* _Problem statement_
Transcribe the listing below exactly, leaving out each image.

* _Material provided_

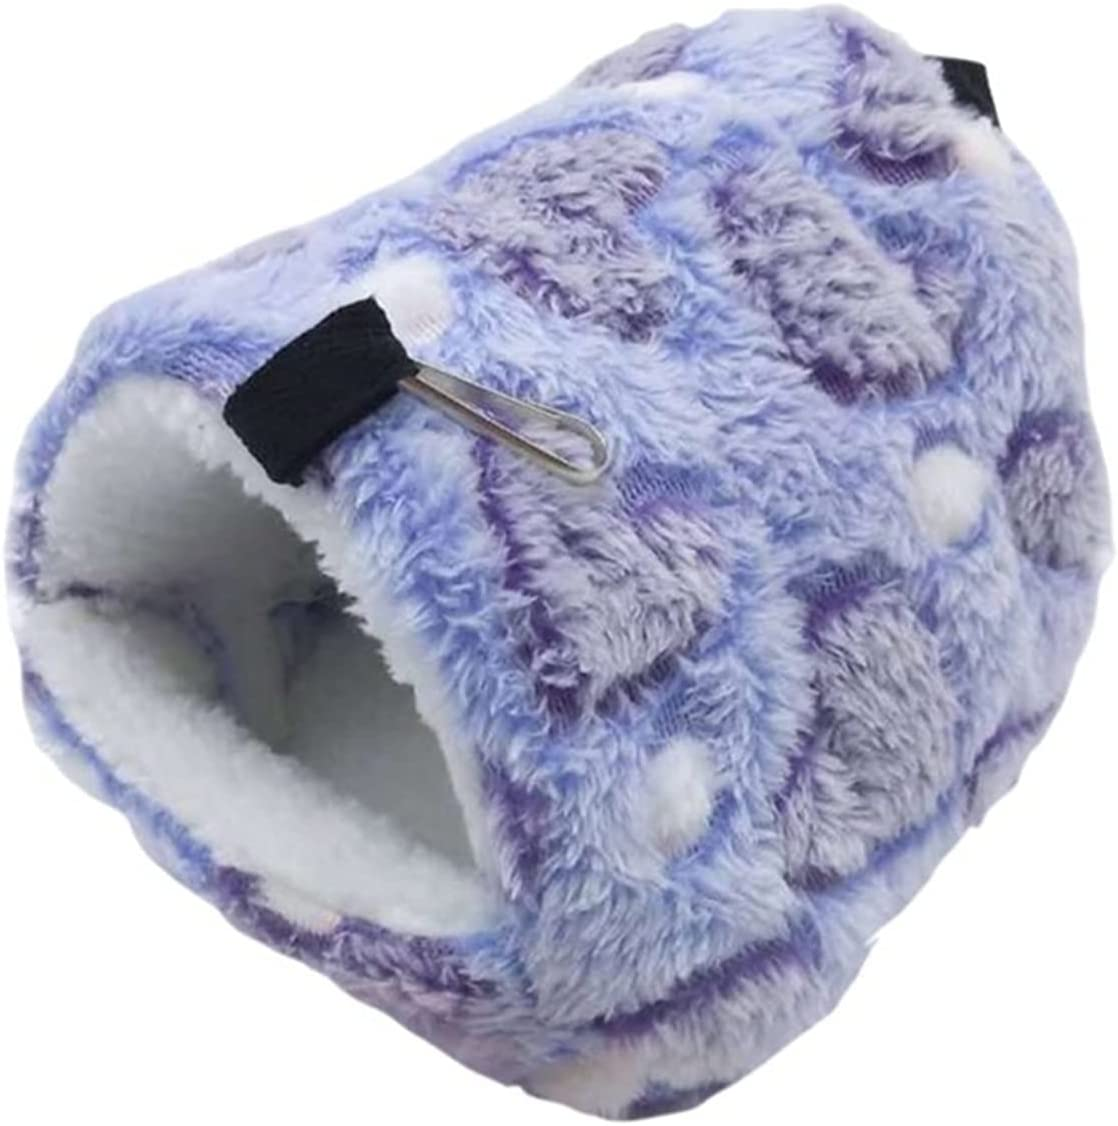 OMYLFQ Cat Hammock Bed Cute Small Hamster Parrot Max 73% OFF C Soft 40% OFF Cheap Sale Bird Pet
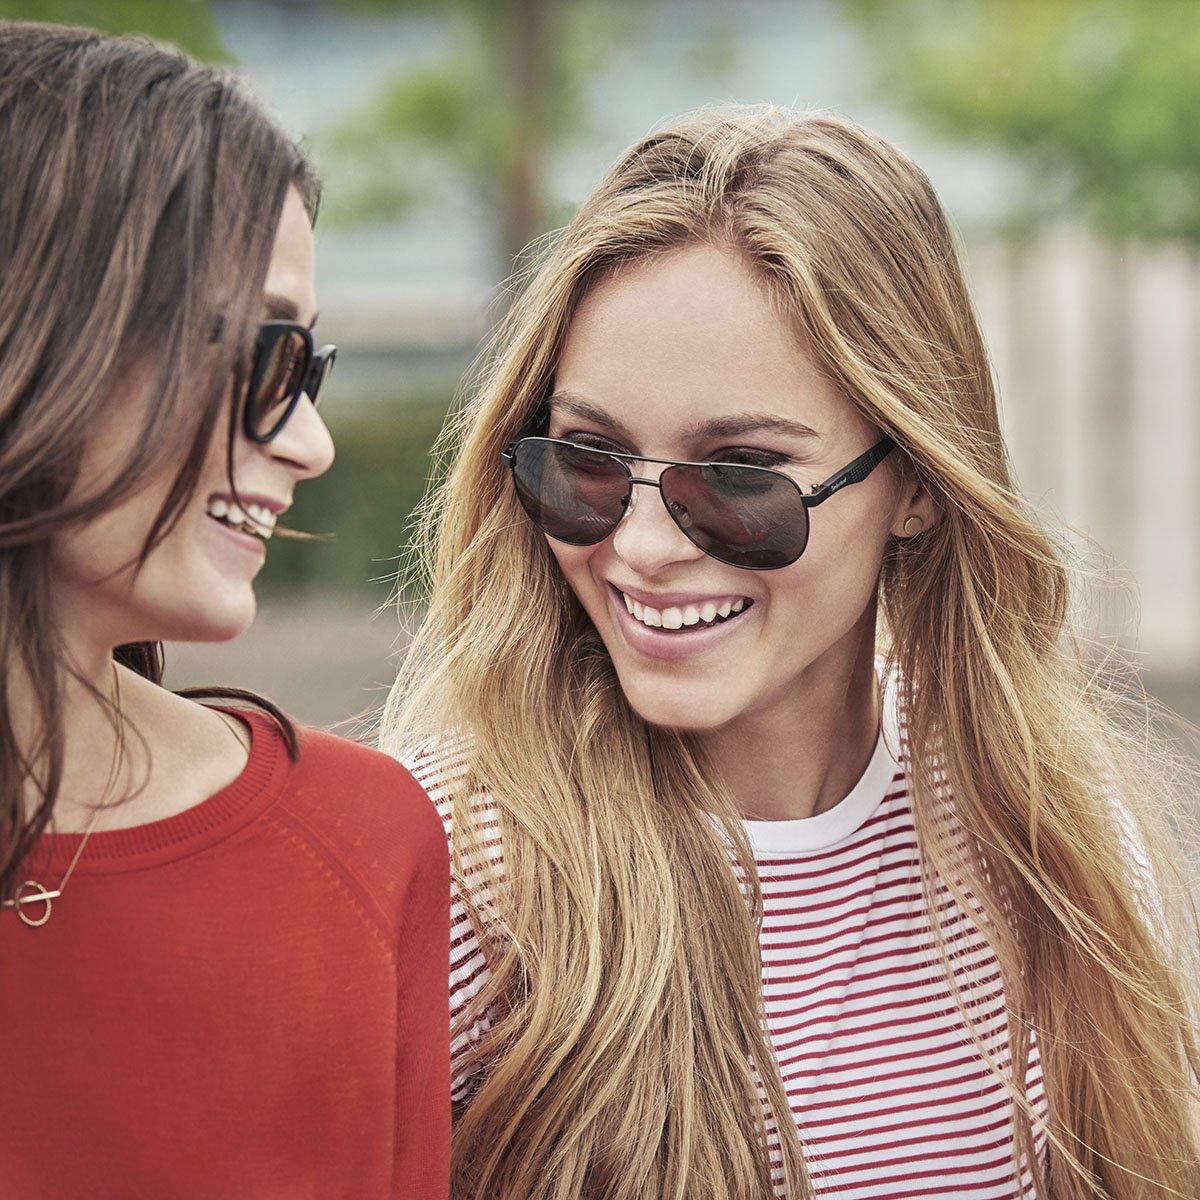 Summertime sunnies! ☀️😎  Shop sunglasses: https://t.co/Ec5vBi5nmX https://t.co/IqMJISAFEb
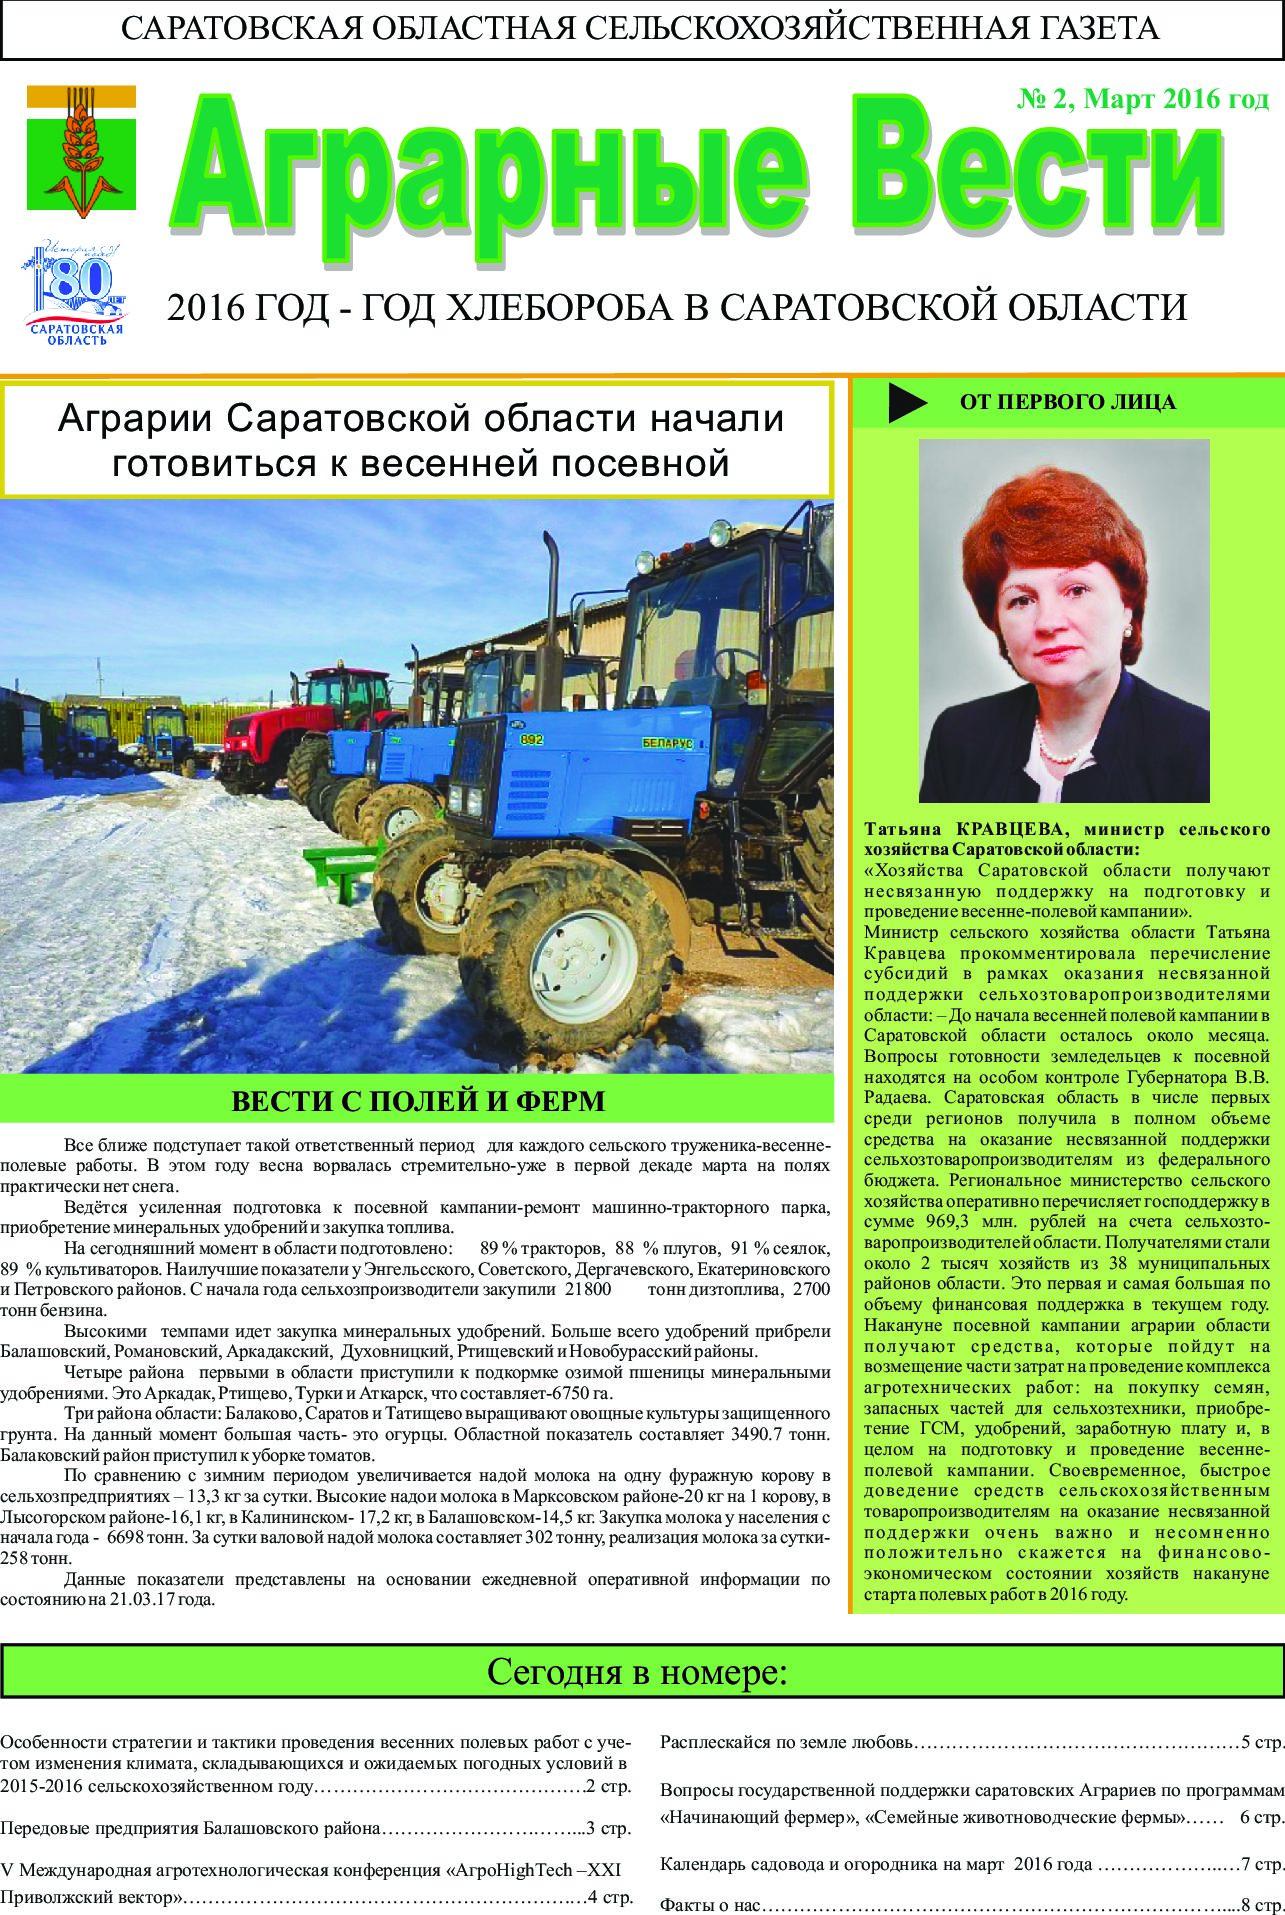 https://saratovagro.ru/wp-content/uploads/2020/08/март-pdf.jpg

* _Answer_
 OMYLFQ Cat Hammock Bed Cute Small Hamster Parrot Max 73% OFF C Soft 40% OFF Cheap Sale Bird Pet
 Summertime sunnies! ☀️😎  Shop sunglasses: https://t.co/Ec5vBi5nmX https://t.co/IqMJISAFEb
 https://saratovagro.ru/wp-content/uploads/2020/08/март-pdf.jpg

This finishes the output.